======== RAW DATA ========

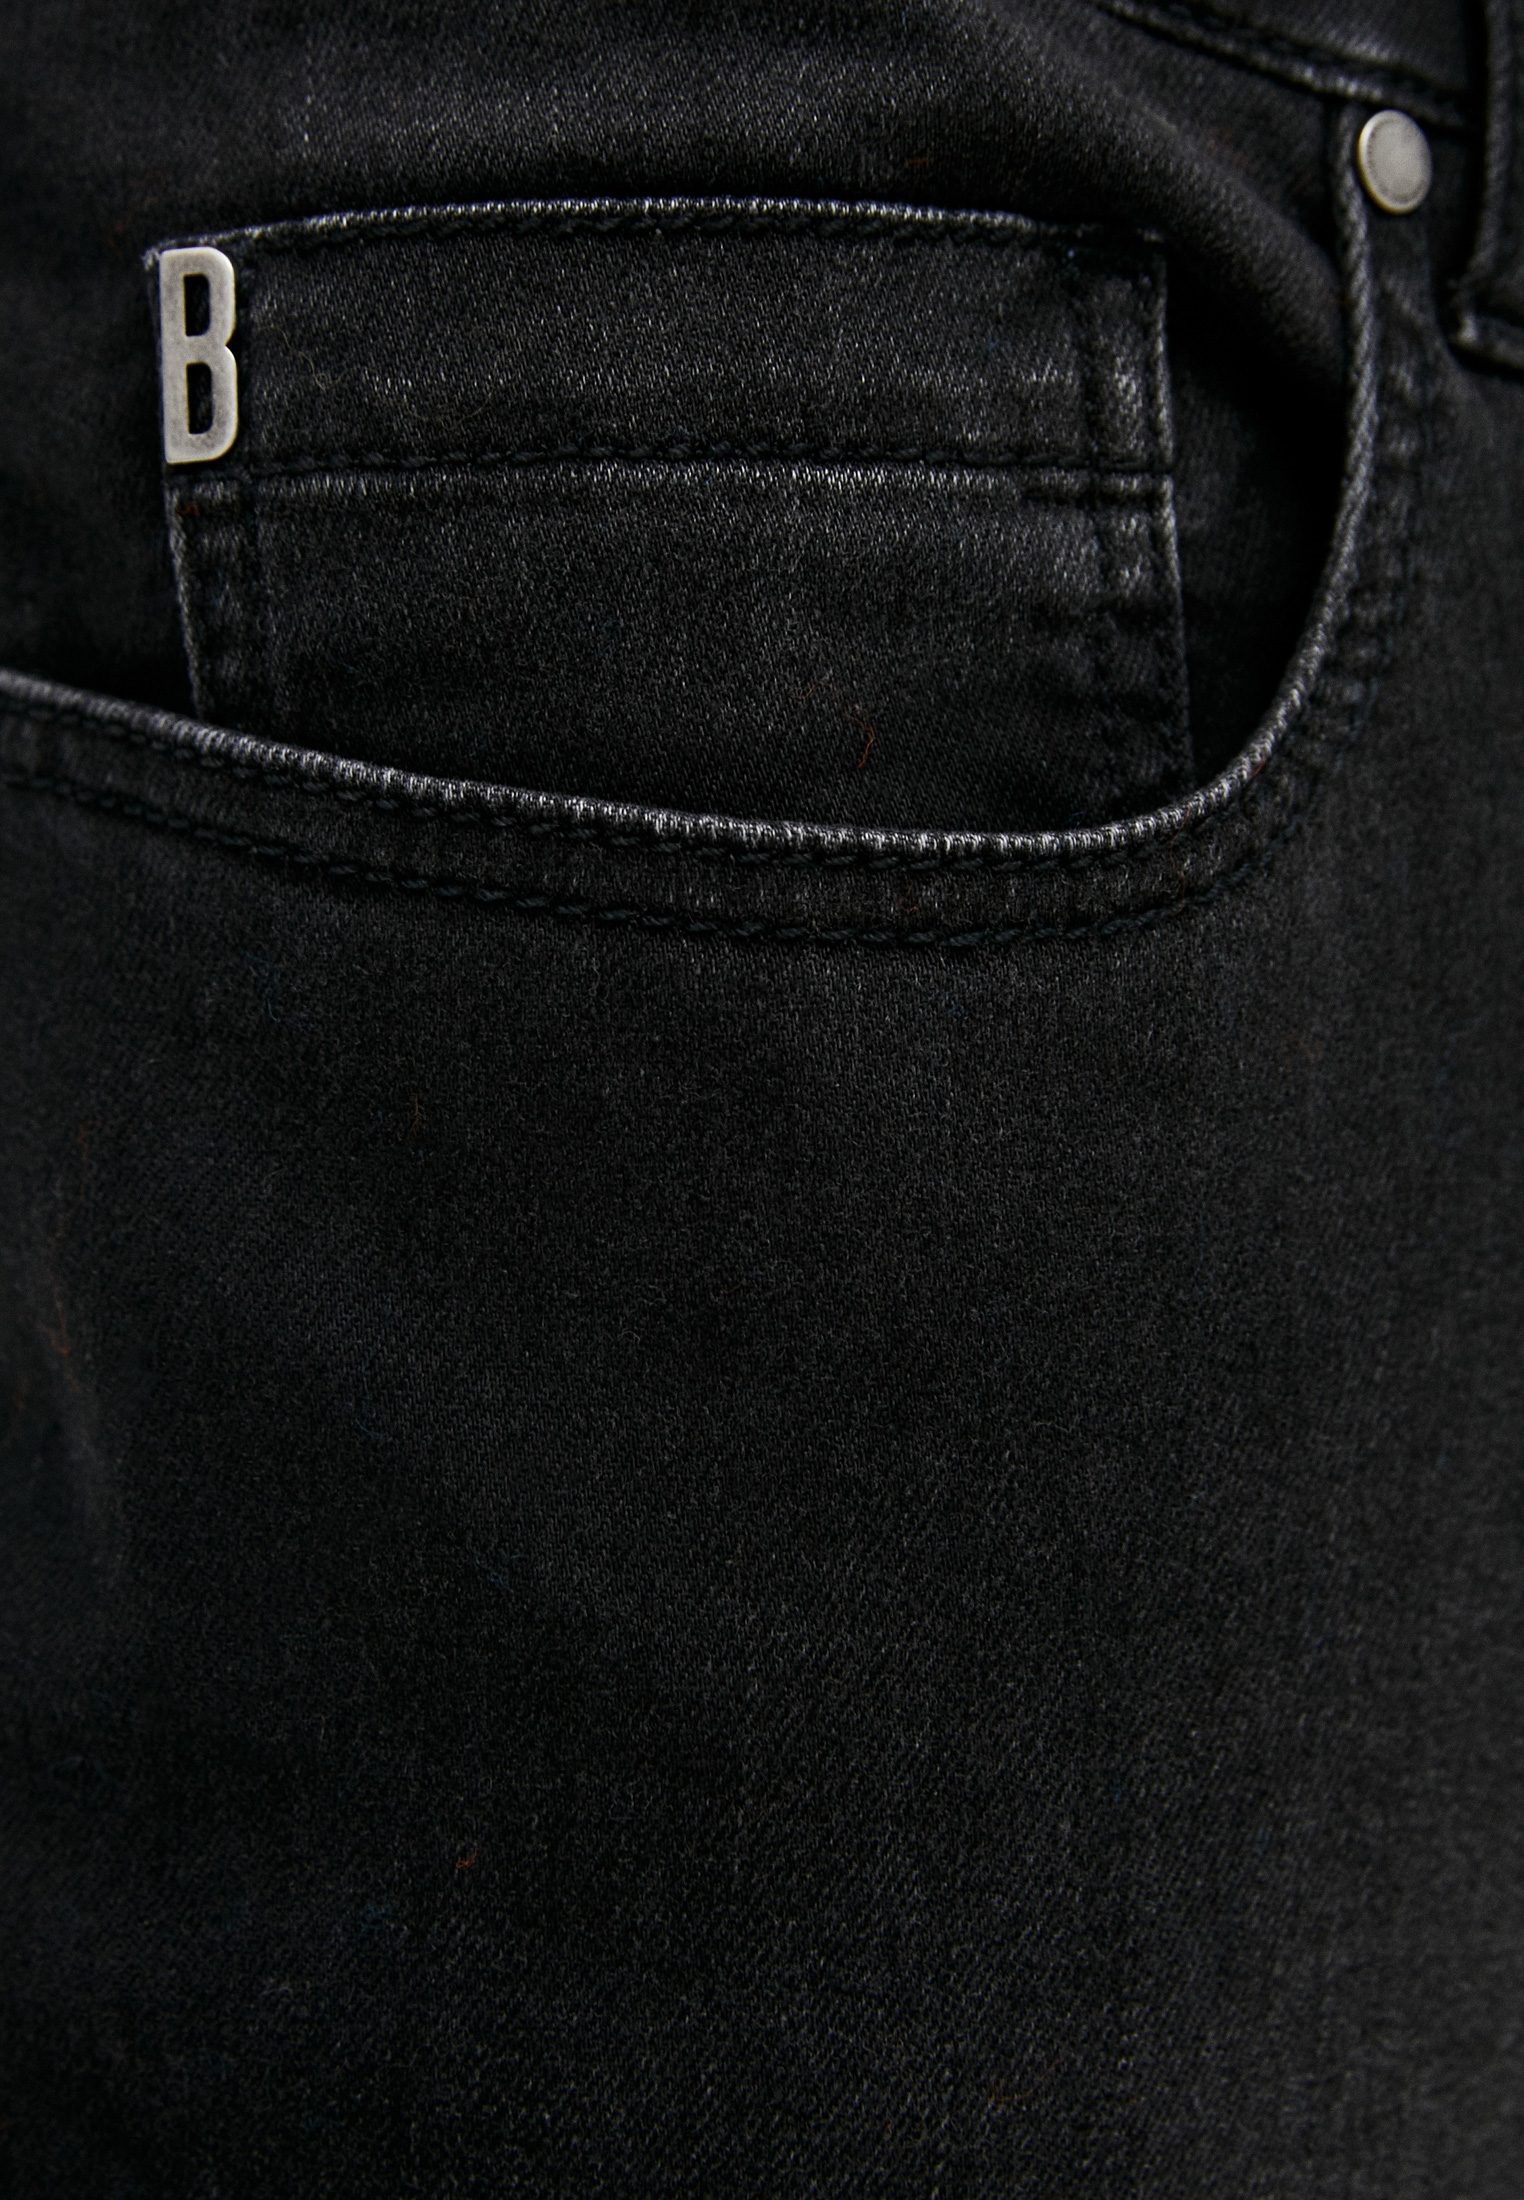 Мужские зауженные джинсы Bikkembergs (Биккембергс) C Q 015 86 S 2927: изображение 5
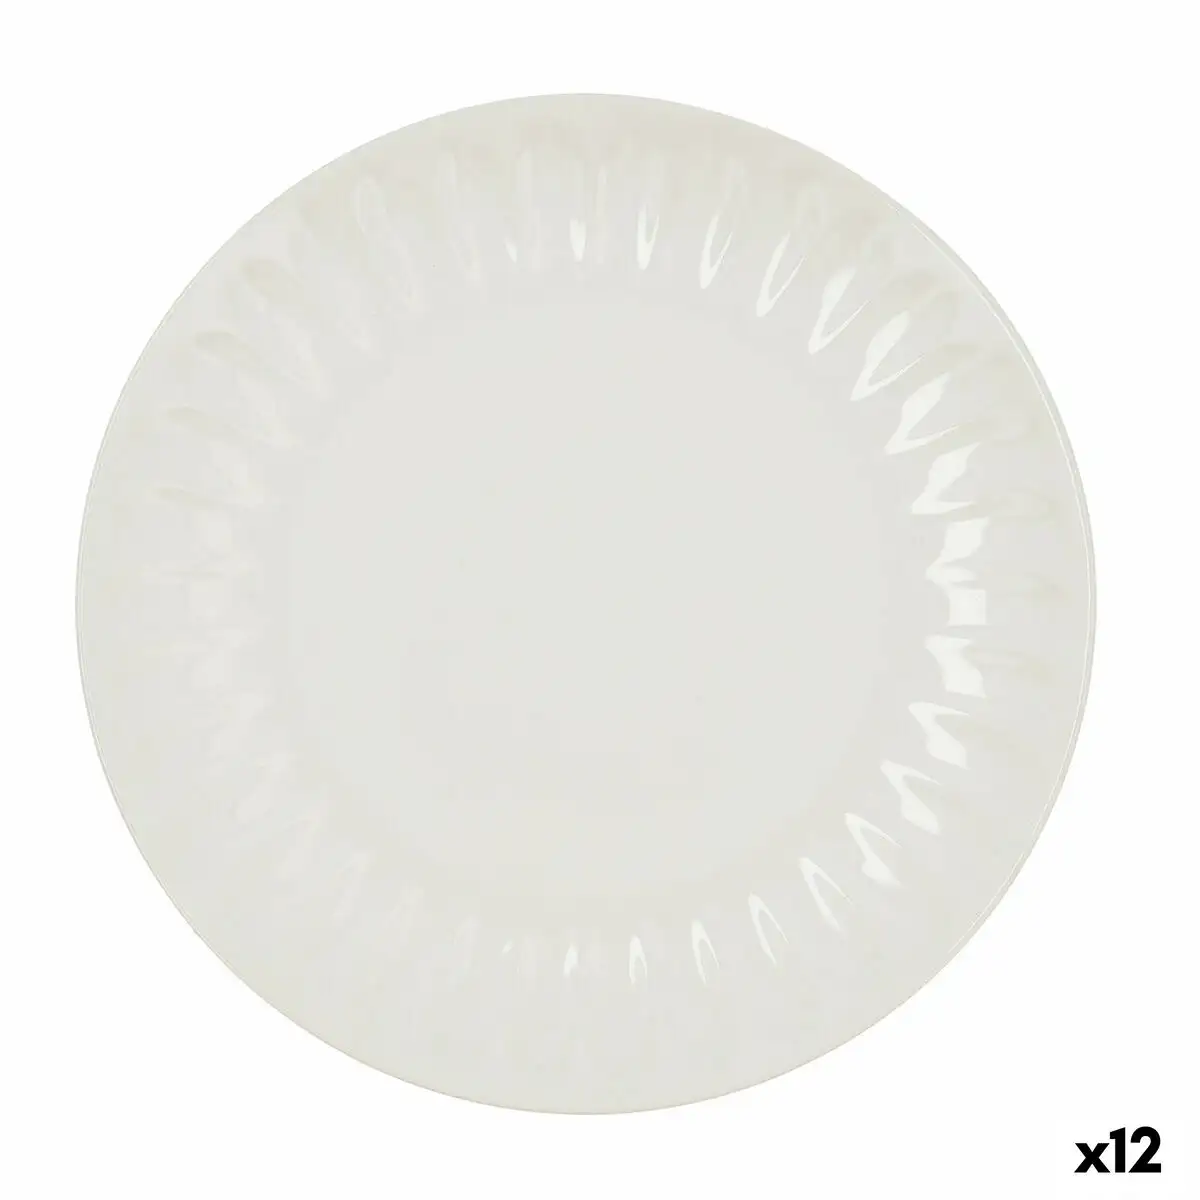 Assiette plate bidasoa romantic ivory ceramique blanc o 27 cm 12 unites _5972. DIAYTAR SENEGAL - L'Art de Vivre le Shopping Inspiré. Parcourez notre catalogue et choisissez des produits qui reflètent votre passion pour la beauté et l'authenticité.
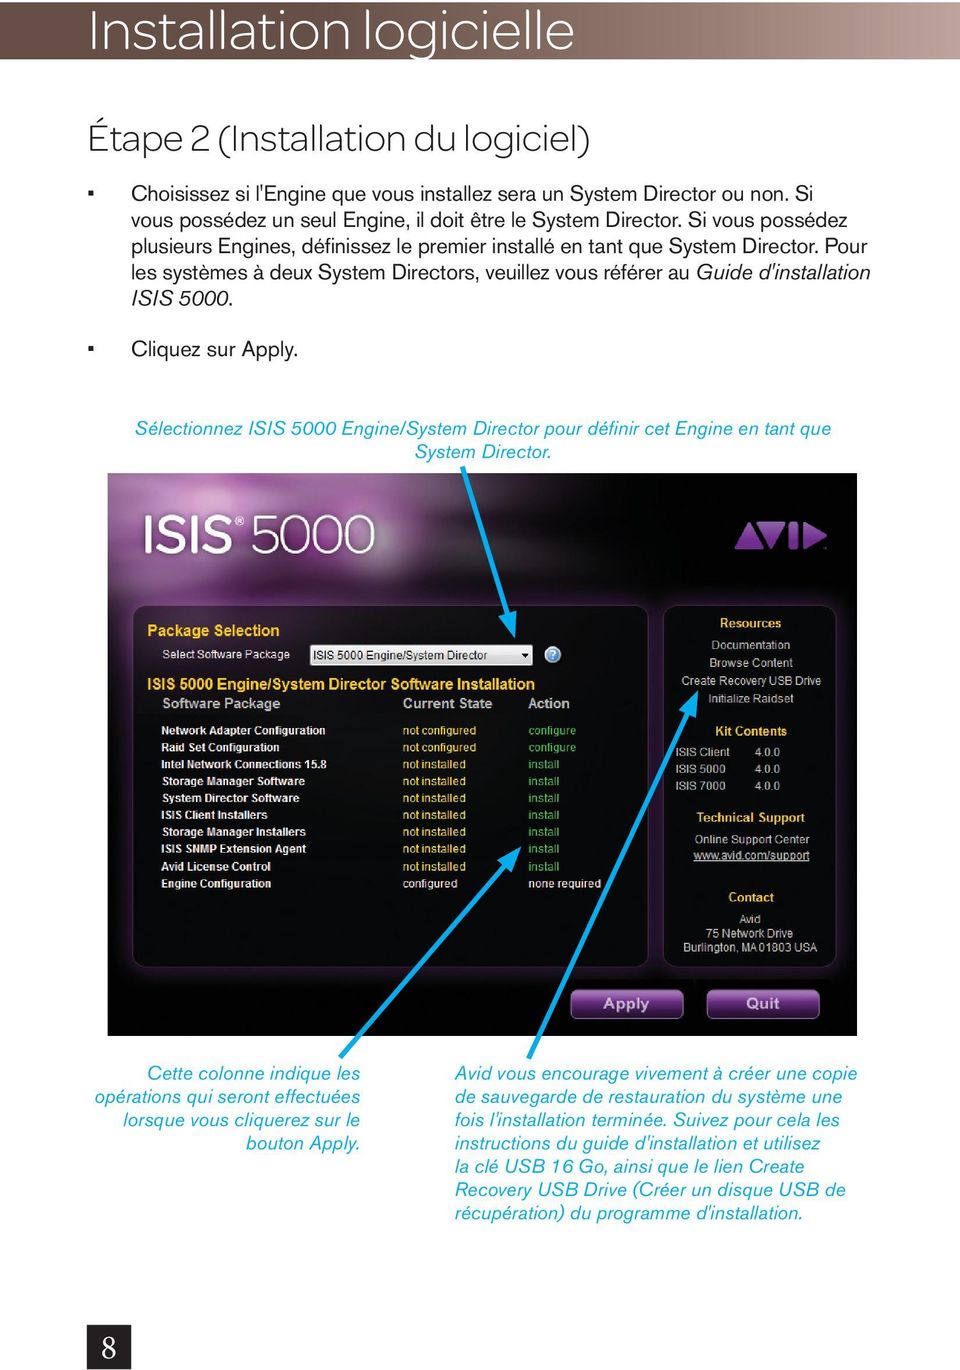 Cliquez sur Apply. Sélectionnez ISIS 5000 Engine/System Director pour définir cet Engine en tant que System Director.

========

→ TASK TO CARRY OUT:
Would you output the data exactly, without any of its images?

→ ANSWER TO THIS PROBLEM:
 Мужские зауженные джинсы Bikkembergs (Биккембергс) C Q 015 86 S 2927: изображение 5
 Assiette plate bidasoa romantic ivory ceramique blanc o 27 cm 12 unites _5972. DIAYTAR SENEGAL - L'Art de Vivre le Shopping Inspiré. Parcourez notre catalogue et choisissez des produits qui reflètent votre passion pour la beauté et l'authenticité.
 Cliquez sur Apply. Sélectionnez ISIS 5000 Engine/System Director pour définir cet Engine en tant que System Director.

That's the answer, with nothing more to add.